O júri do Unwort des Jahres, anunciou que, até a data-limite em 31 de Dezembro de 2018, foram enviadas mais de 500 sugestões de candidatas a Despalavra do Ano de 2018. Dessas, apenas 60 correspondiam aos critérios de seleção. Entre as 15 finalistas, constavam as expressões Sozialtourismus (»turismo social«) e Vogelschiss (»cocô de passarinho«).

Falar muitas línguas

O que é o Unwort des Jahres?

Para quem não conhece, a iniciativa Unwort des Jahres (Despalavra do ano) nasceu como um correspondente irônico ao concurso Wort des Jahres (Palavra do ano) promovido pela Gesellschaft für die deutsche Sprache (Sociedade para a língua alemã).

Em via de regra, a »Despalavra do ano« é um termo que acaba ficando marcado pelo seu uso infeliz pela mídia e pela dita opinião pública.
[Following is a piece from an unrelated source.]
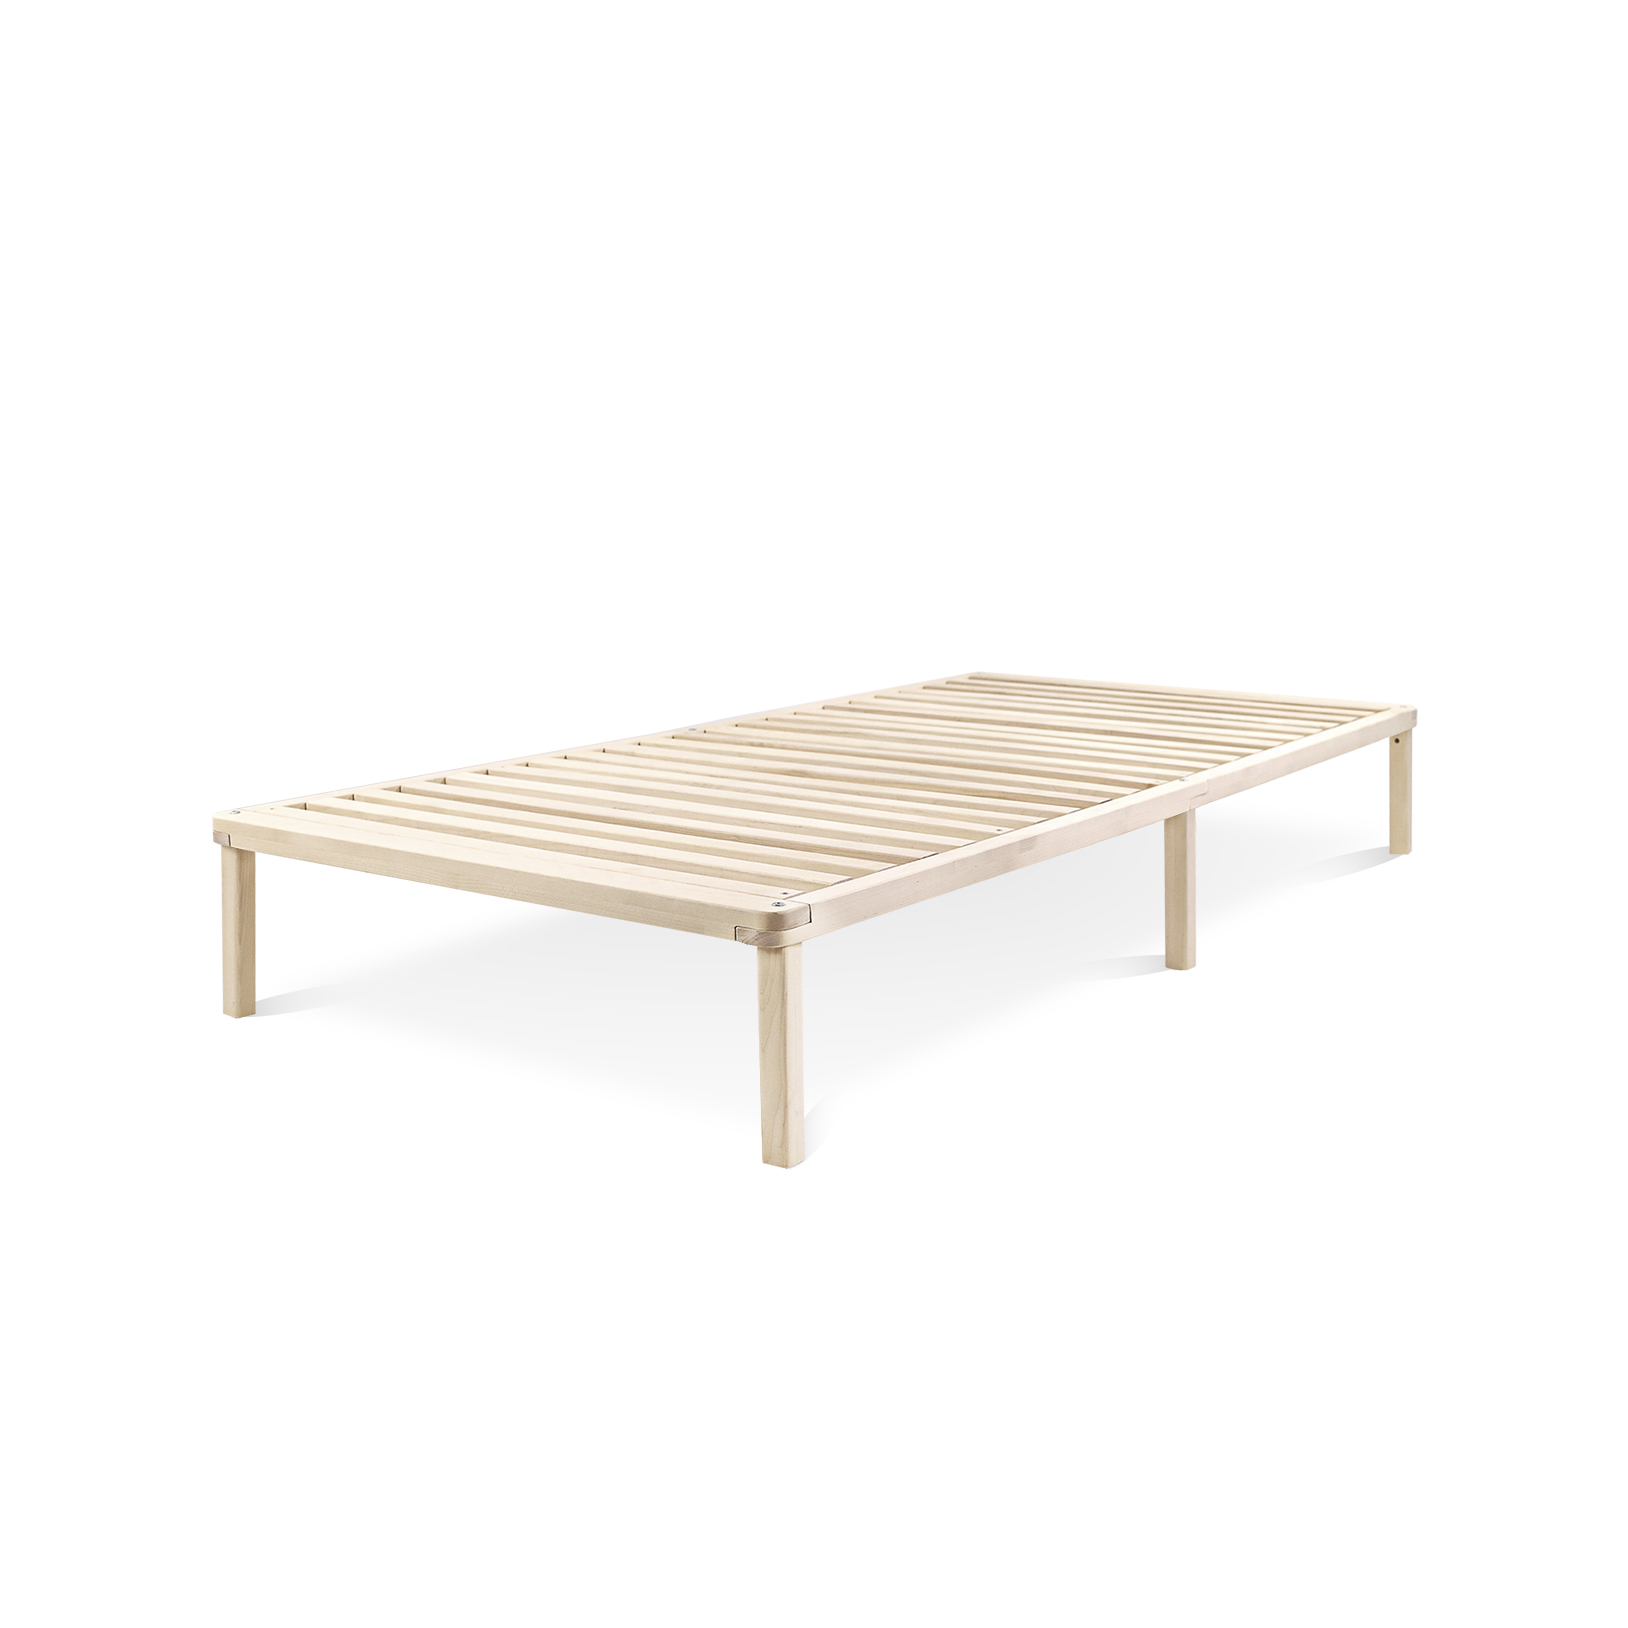 фото Кровать односпальная деревянная hansales 80x200 см из массива берёзы light sleep
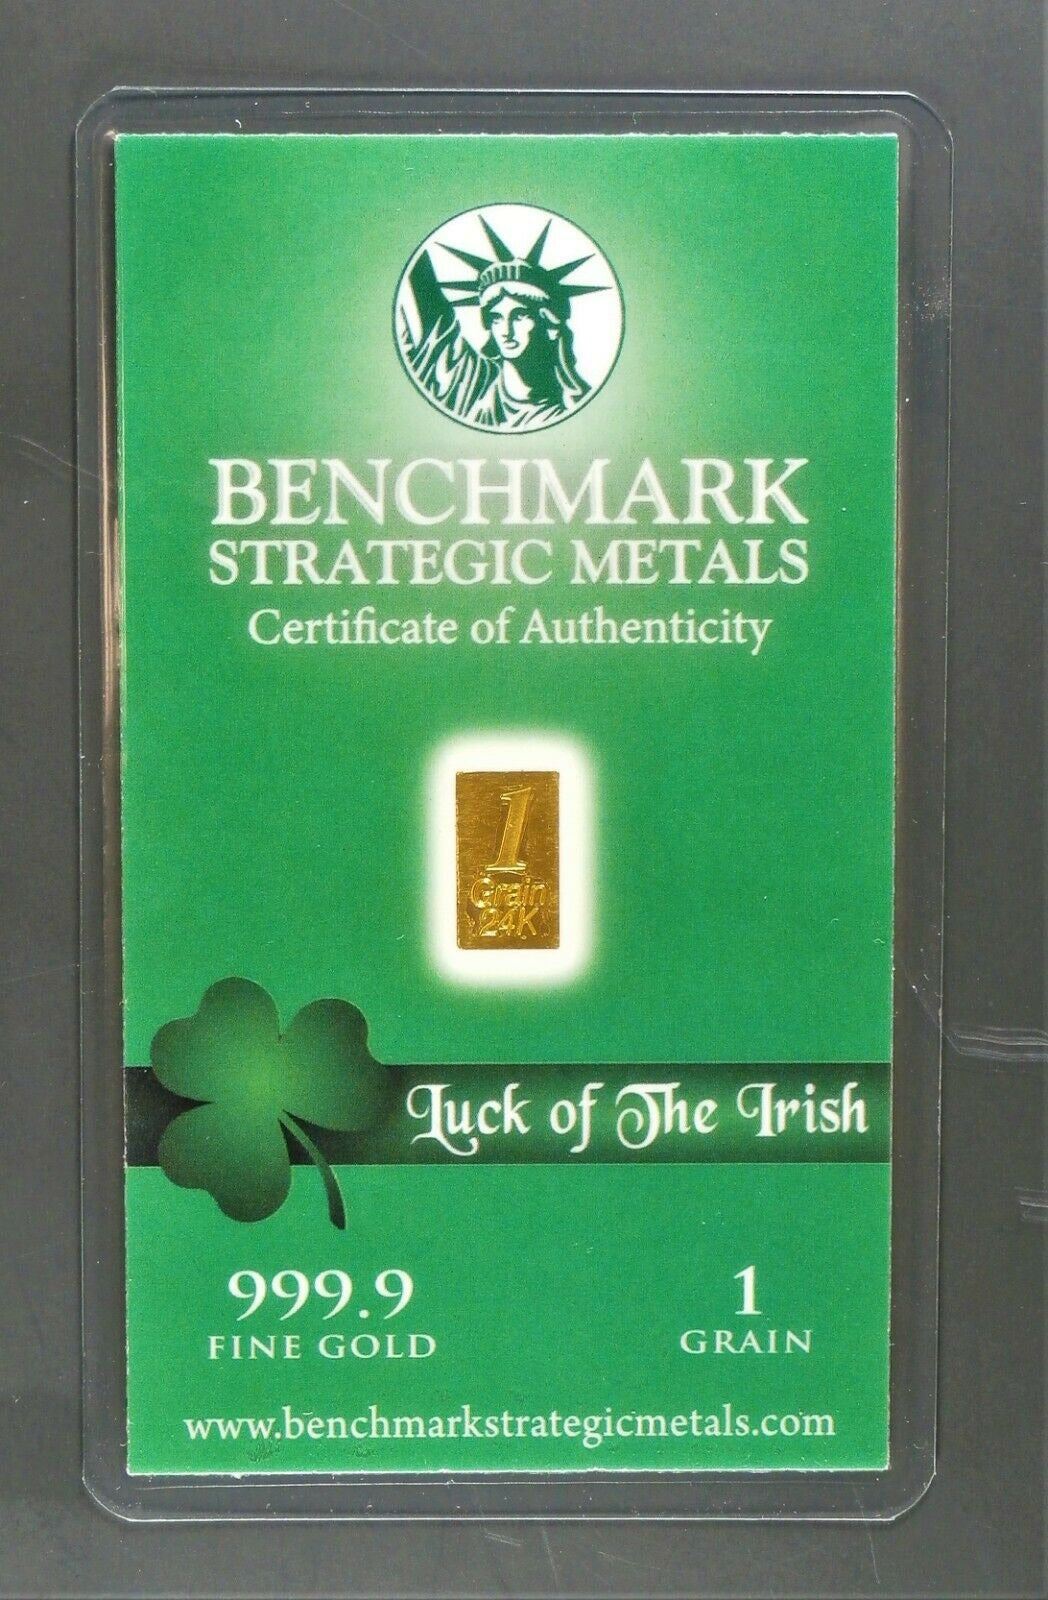 1/15 GRAM .9999 FINE 24K GOLD “LUCK O’ THE IRISH” BULLION BAR - IN COA CARD

Em boa parte dos casos, a despalavra é um eufemismo que propaga ideias antidemocráticas ou mesmo discurso de ódio mal-disfarçados.

A ideia básica é sensibilizar a população para o uso nada inocente de determinados termos pela mídia e também incentivar a discussão sobre como a escolha de palavras pode enviesar e distorcer a maneira como vemos os acontecimentos atuais no mundo.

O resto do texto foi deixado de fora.